The course of treatment is determined by your level of symptoms, the severity of your anterior prolapse, and the existence of any concomitant disorders, such as several types of pelvic organ prolapse or urinary incontinence.

Usually, mild cases with few or no noticeable symptoms don't need medical attention. Your doctor might advise waiting it out and making sporadic trips to check on your prolapse.

If anterior prolapse symptoms are present in you, the following first-line treatments are available:

  • Pelvic floor muscle exercises: These exercises, often known as Kegels or exercises, strengthen the muscles in your pelvic floor, enabling them to support your bladder and other pelvic organs more effectively. You can learn how to perform these exercises from your healthcare physician or a physical therapist, who can also assist you in determining whether you're doing them correctly.
  • Kegel Exercises: The best Kegel exercises for symptom reduction might be those that are taught by PTs and reinforced with biofeedback. Biofeedback is the process of using monitoring instruments to ensure that you're contracting the proper muscles for the right length of time and intensity. These exercises could improve your mood even though the prolapse's size might not decrease.
  • A pessary, or assistance device: A vaginal pessary is a rubber or plastic ring that is inserted inside your vagina to support your bladder. A pessary can assist in controlling symptoms, but it cannot cure or treat a prolapse. It can only provide additional support. Your doctor or other healthcare provider fits you for the device and shows you how to clean and replace it correctly.

In instances where surgery is too hazardous, many women turn to pessaries as a temporary remedy.

Surgery may be necessary to fix the prolapse if the previous treatment options fail to reduce your noticeable and annoying symptoms.
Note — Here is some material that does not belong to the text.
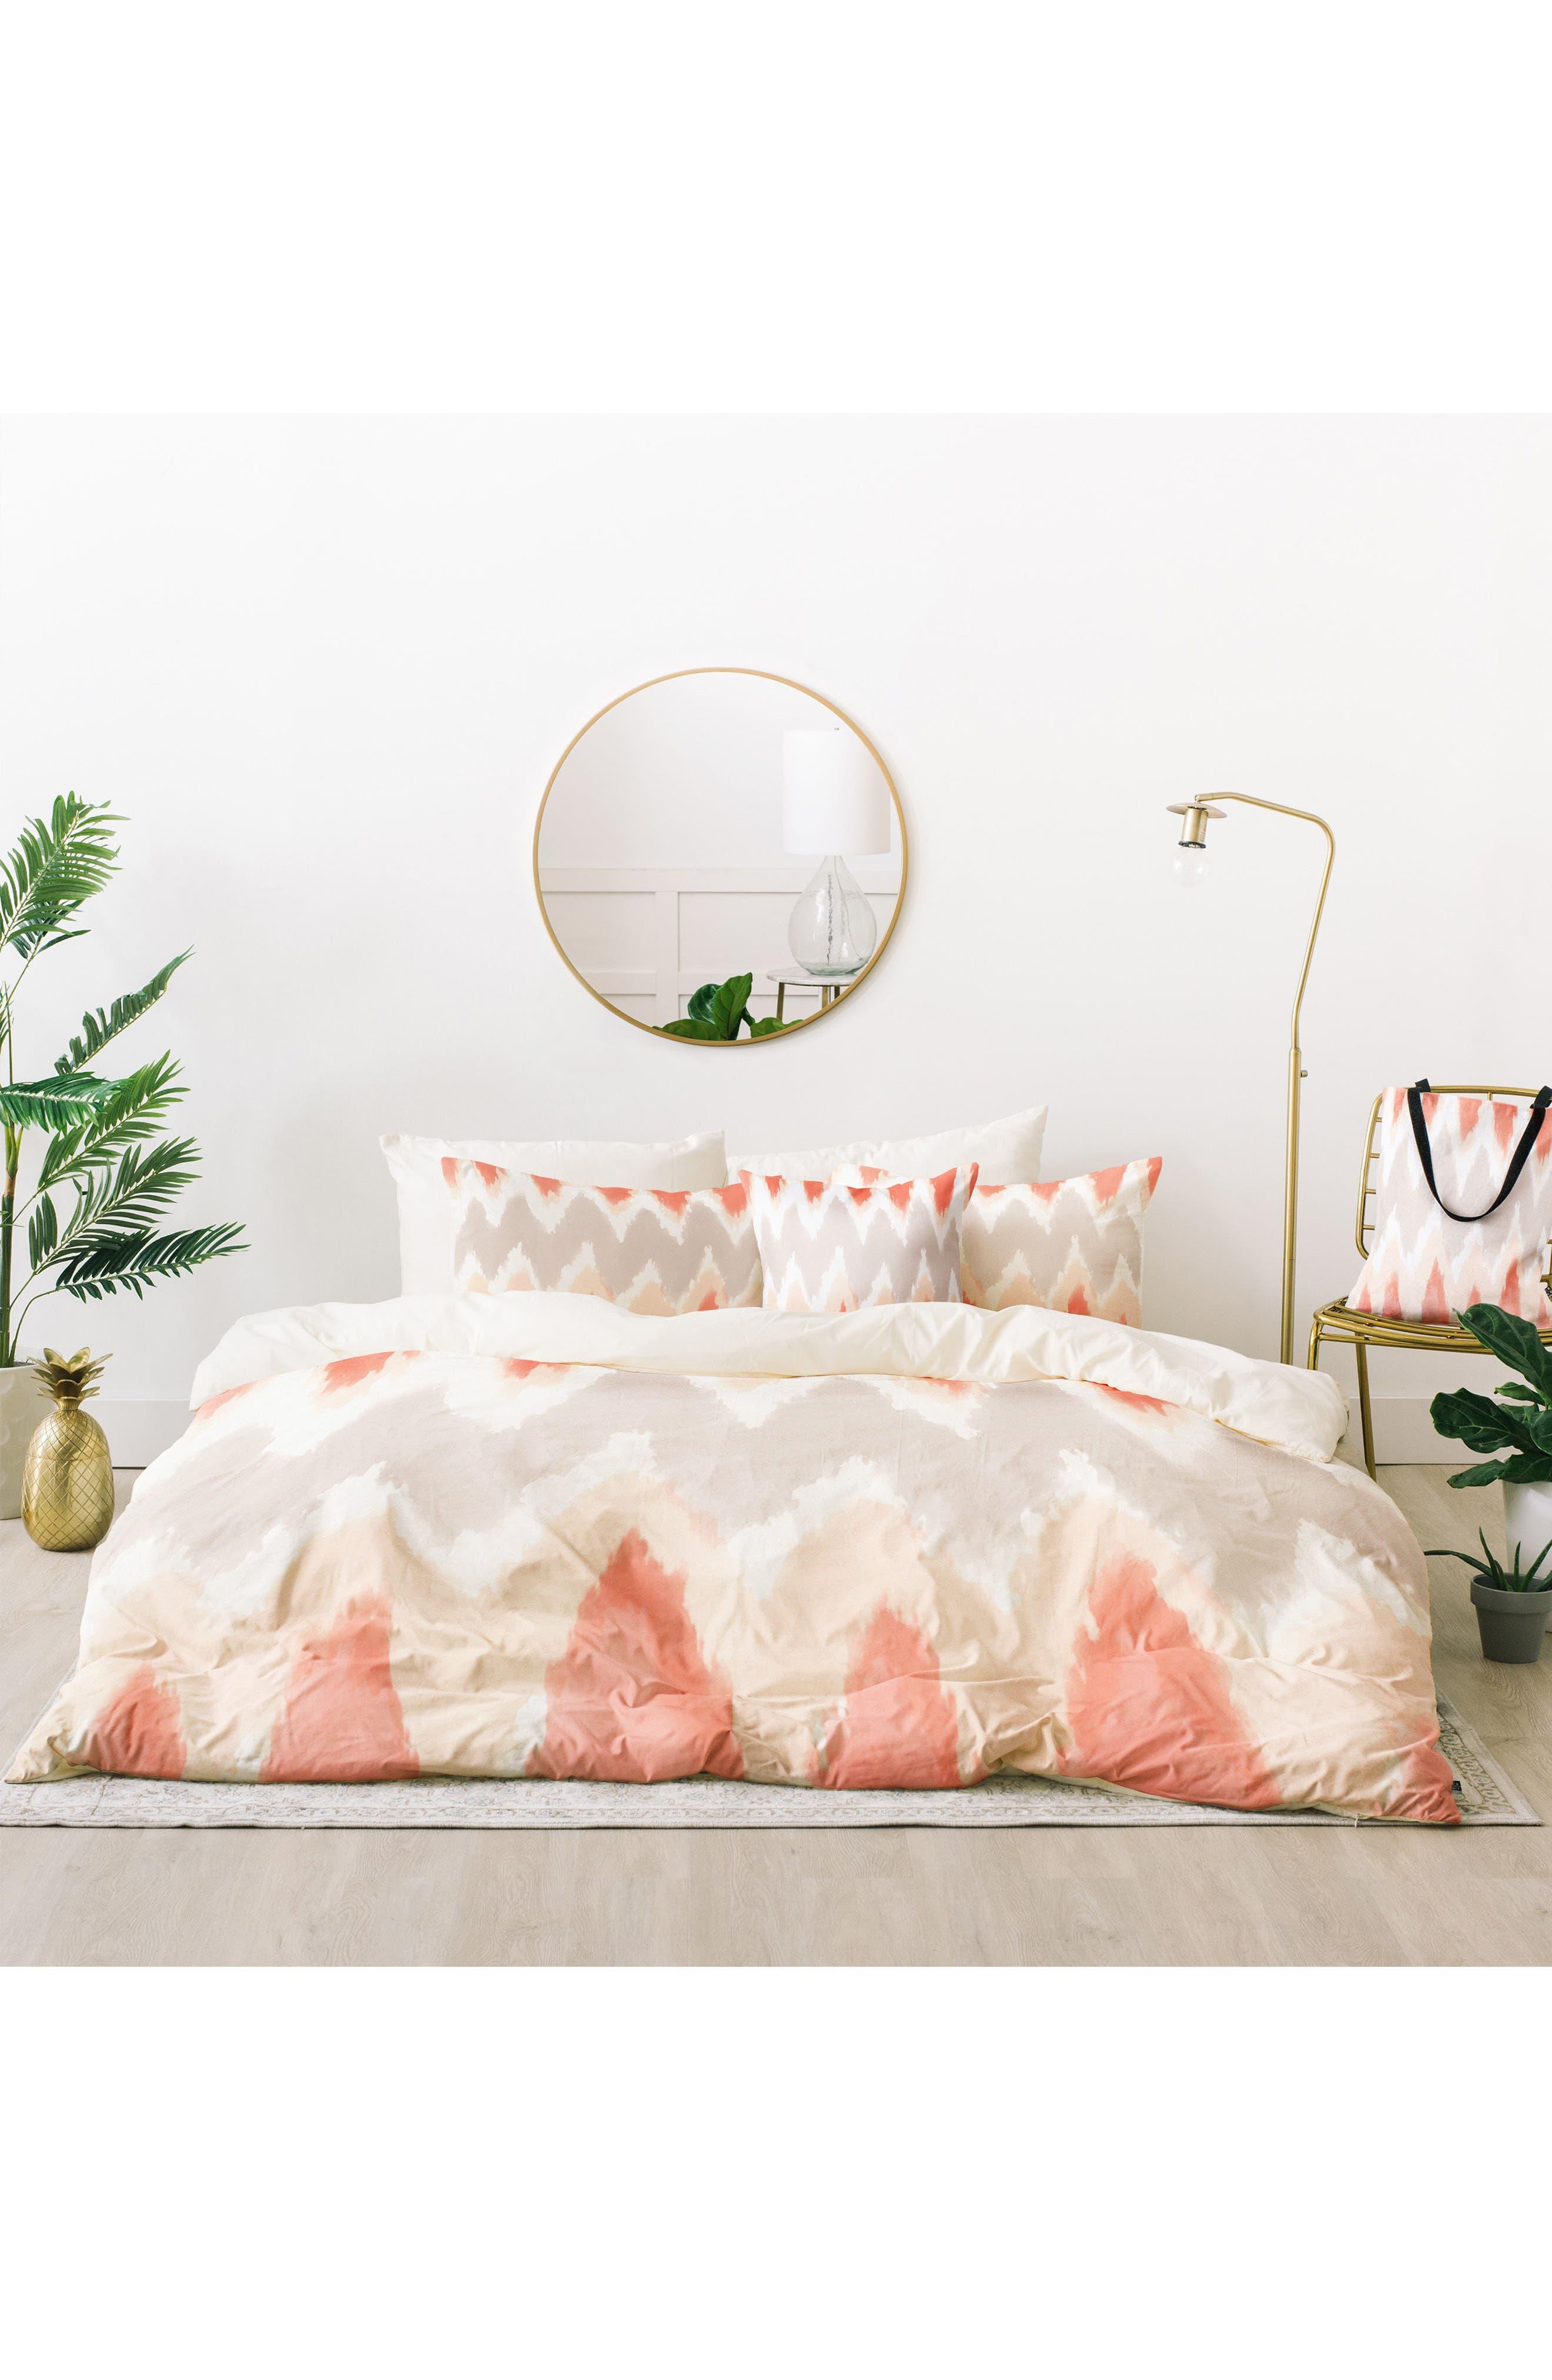 DENY DESIGNS,                             Zoe Wodarz Zigzagzig Bed in a Bag Duvet Cover, Sham & Accent Pillow Set,                             Main thumbnail 1, color,                             250

Often, the operation is performed vaginally, with the prolapsed bladder being raised back into place with stitches after any excess vaginal tissue is removed. In cases when your vaginal tissues seem abnormally thin, your physician might restore and strengthen your vaginal tissues using a special type of tissue graft.

Uterus prolapse. In cases where your anterior prolapse is associated with a prolapsed uterus, your doctor may recommend a hysterectomy in addition to treating the injured pelvic floor muscles, ligaments, and other tissues.

If you are incontinent. If you have stress incontinence along with your anterior prolapse, your doctor may recommend one of many therapies to support the urethra (urethral suspension) and relieve your symptoms.

If you are pregnant or considering becoming pregnant, you may need to wait until after you have finished having children before having surgery. Pelvic floor exercises or a pessary can help reduce your symptoms in the meantime. While the benefits of surgery can last for many years, prolapse may eventually reoccur and necessitate another surgery.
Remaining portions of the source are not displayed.